Thanks for uploading your model! It gives me 60.8 MAE on ShanghaiA, which is even lower than the paper results. I trained with SGD instead of Adam on part B and got around 9 MAE, so probably there are some hyperparameters to change for training with Adam.

xinke-wang commented 5 years ago

Thanks for uploading your model! It gives me 60.8 MAE on ShanghaiA, which is even lower than the paper results. I trained with SGD instead of Adam on part B and got around 9 MAE, so probably there are some hyperparameters to change for training with Adam.
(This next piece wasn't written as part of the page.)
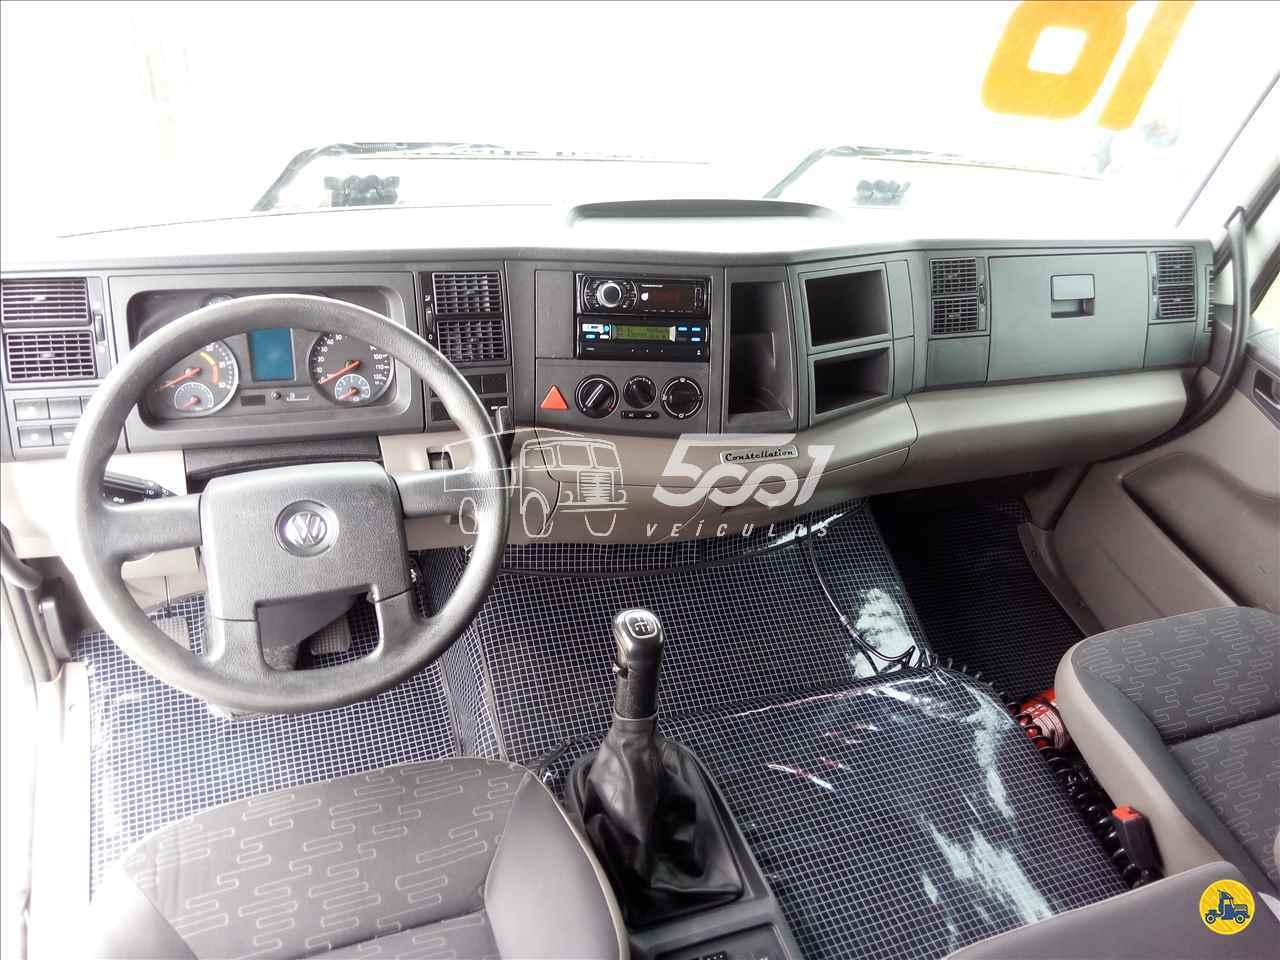 VOLKSWAGEN VW 19330 438727km 2017/2018 5001 Veículos - Curitiba

Hi @AlexBar93 , did you use the same hyper-parameters to train part B as used in part A? And have you tried to train part A again? I can only achieve about 66 MAE for Part A and more than 30 for Part B. Many thanks.

AlexBar93 commented 5 years ago

Yes i used the same parameters for partB as of partA. I didn't train again but when i did the first few times i couldn't achieve lower than 66 MAE either. If you get 30 MAE on partB using SGD then maybe you have some problems with the ground truth density maps. You should use fixed kernels to generate them instead of the adaptive ones used for partA in this repo, as reported in the paper.

xinke-wang commented 5 years ago

Yes i used the same parameters for partB as of partA. I didn't train again but when i did the first few times i couldn't achieve lower than 66 MAE either. If you get 30 MAE on partB using SGD then maybe you have some problems with the ground truth density maps. You should use fixed kernels to generate them instead of the adaptive ones used for partA in this repo, as reported in the paper.

Thank you very much for your kind response! I did use the adaptive kernels to generate ground truth density map for Part B, that's the problem.